LE SIDACTION A 23 ANS… IL FAUT RÉINVENTER LA SOLIDARITÉ…

SOLIDARITE SIDALe SIDA a été un tsunami émotionnel et un raz-de-marée des solidarités.

Il a modifié profondément la place du malade dans notre système de santé.

La représentation des usagers dans les instances est née de cette épidémie…

Tout le monde voulait exprimer sa solidarité même si au quotidien peu de gens témoignaient de leur tolérance et de leur empathie.

C’est dans ce contexte qu’est né le SIDACTION… Se bouger, faire des actions pour ou contre le SIDA, pour ou contre les malades…

Mais le temps passe, la crise passe par là, l’individualisme aussi, le SIDA ne semble plus faire recette pour créer de la solidarité ni même lever des fonds. Et il n’y a pas que le SIDA, on a appris il y a quelques jours que même le téléthon avait vu ses dons diminuer…

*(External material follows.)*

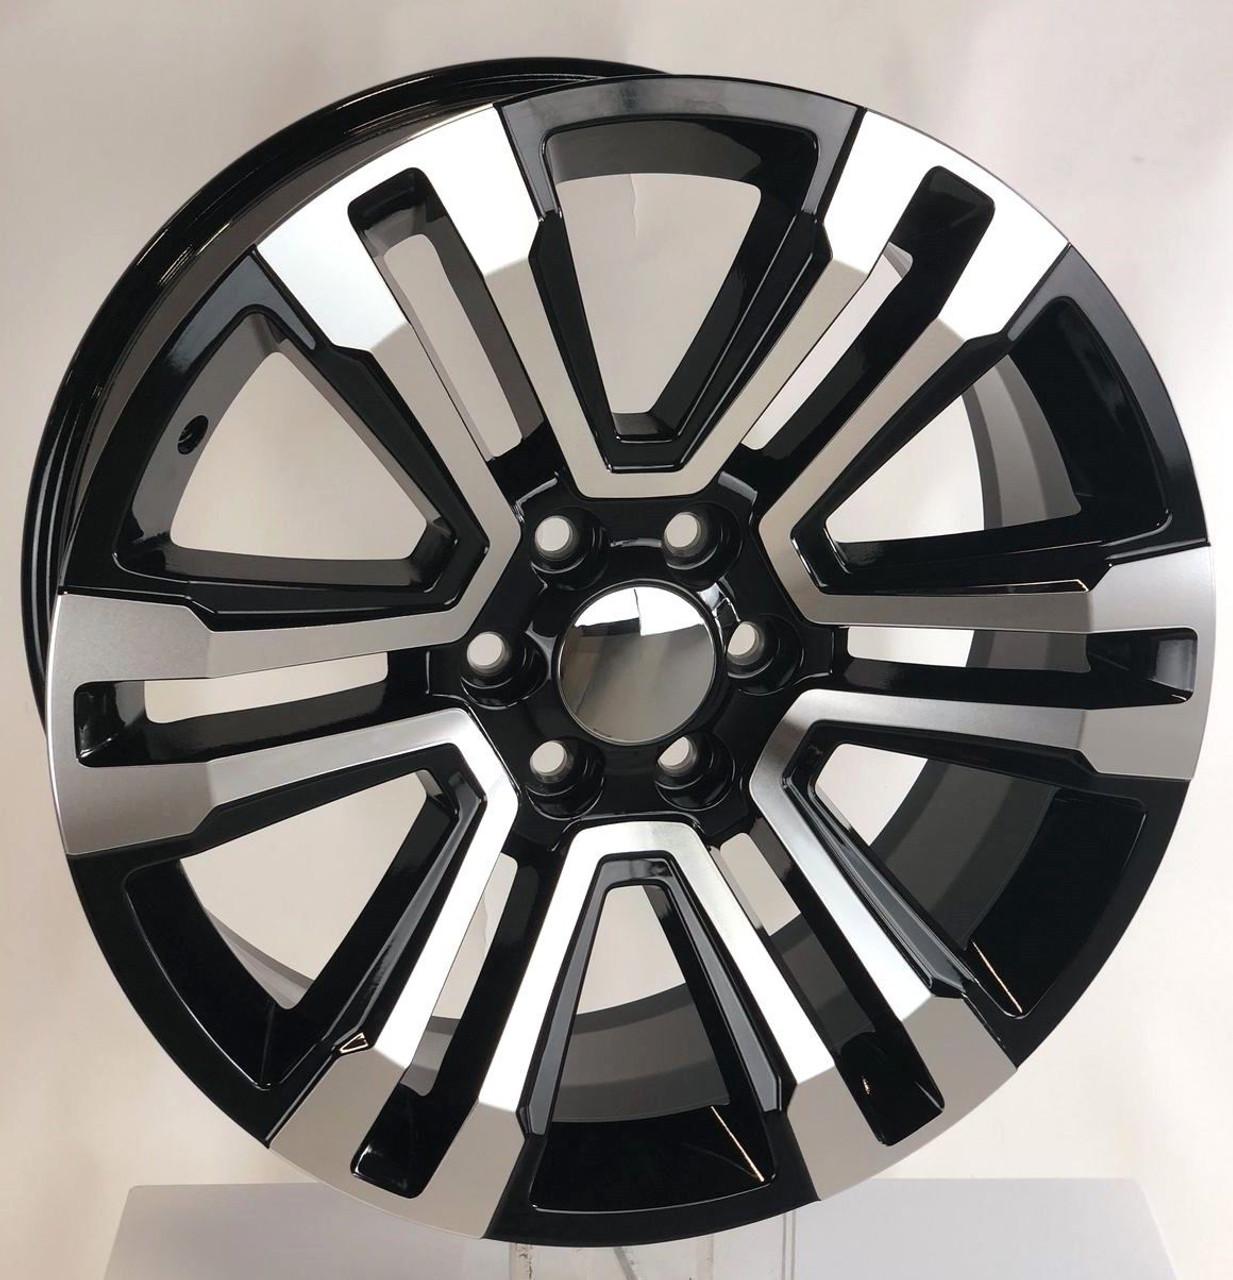 "Black and Machine 22"" Denali Style Split Spoke Wheels for Chevy Silverado, Tahoe, Suburban - New Set of 4"

Alors n’attendez pas qu’on se mobilise pour les hépatites ou les maladies du foie. C’est aux malades eux-mêmes de porter la parole plus haut…

Il est pathétique ce ruban rouge dans le coin de la télévision associé à son petit 110…

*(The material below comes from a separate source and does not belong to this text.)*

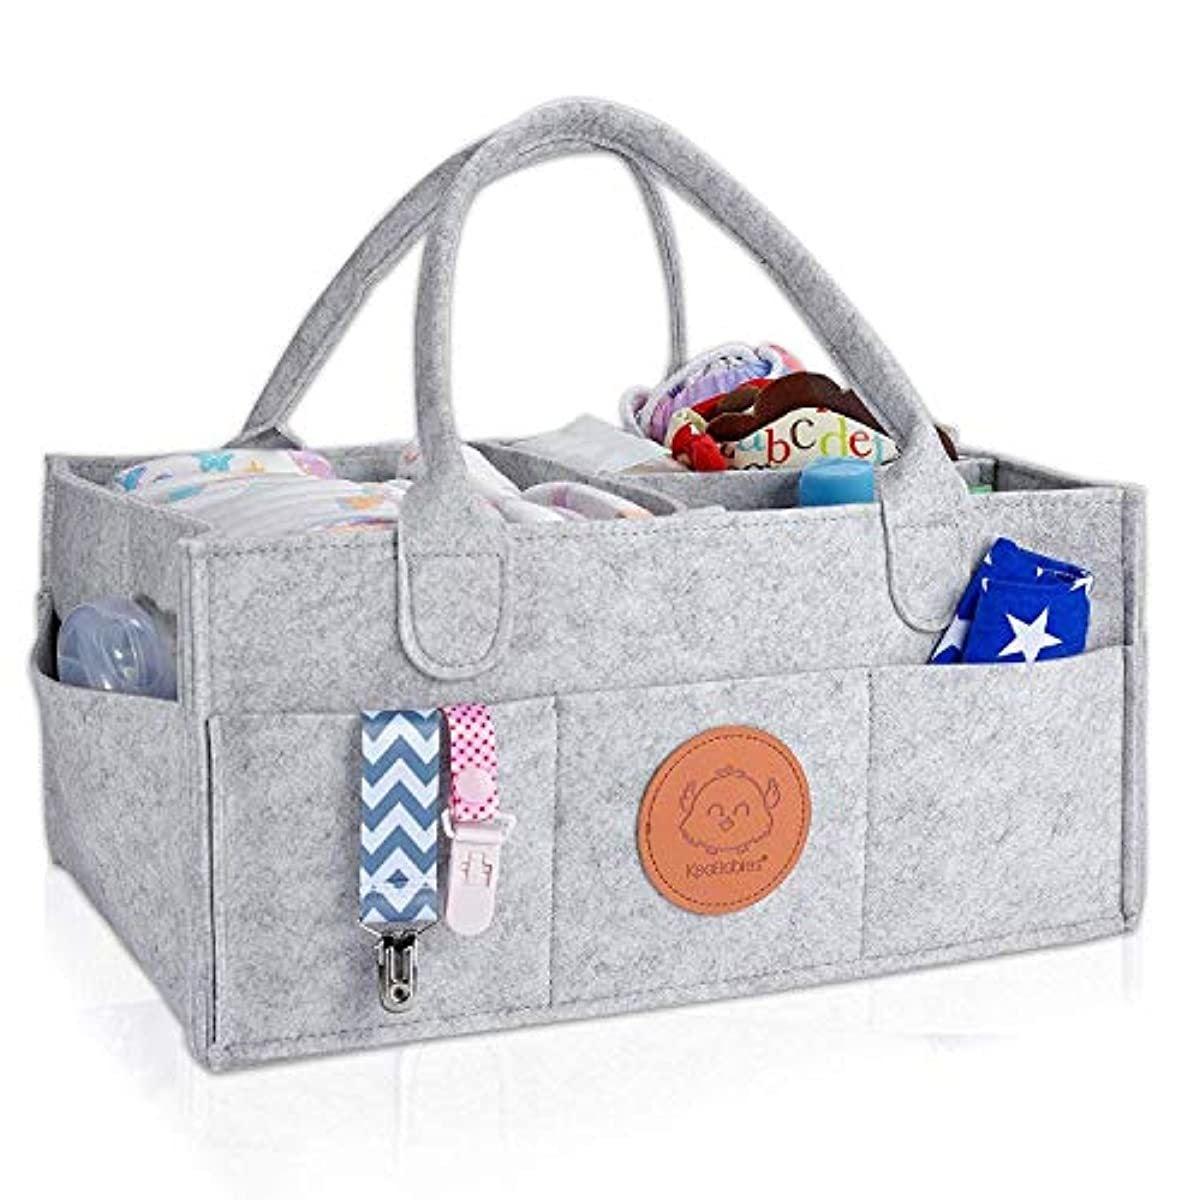 Baby Diaper Organizer Bag

Le SIDACTION a 23 ans mais pour les malades même si le « vivre avec » s’améliore la stigmatisation est toujours là… Mais elle prend un visage différent, les soignants qui s’étaient mobilisés fortement ne le sont plus. Ainsi, l’admission en maison de retraite d’un patient porteur du VIH est extrêmement difficile, ce qui est inacceptable.

Pour arriver à accueillir des migrants, des handicapés, ou simplement des gens différents, il nous faut aujourd’hui réinventer les solidarités.

L’hépatite C et sa guérison possible, l’hépatite B et ses traitements associés à son vaccin sont une chance pour parler, inventer et être solidaire autrement.

Mais qui est là avec nous pour hurler à l’injustice devant la pénurie de vaccins contre l’hépatite B ? Les malades se sentent trop souvent bien seuls alors, faites une bonne action regardez la télé et si vous culpabilisez faites un don…. A votre bon cœur messieurs- dames en attendant que l’on puisse dire à votre bon foie…

Mais là c’est moi qui suis de mauvaise foi.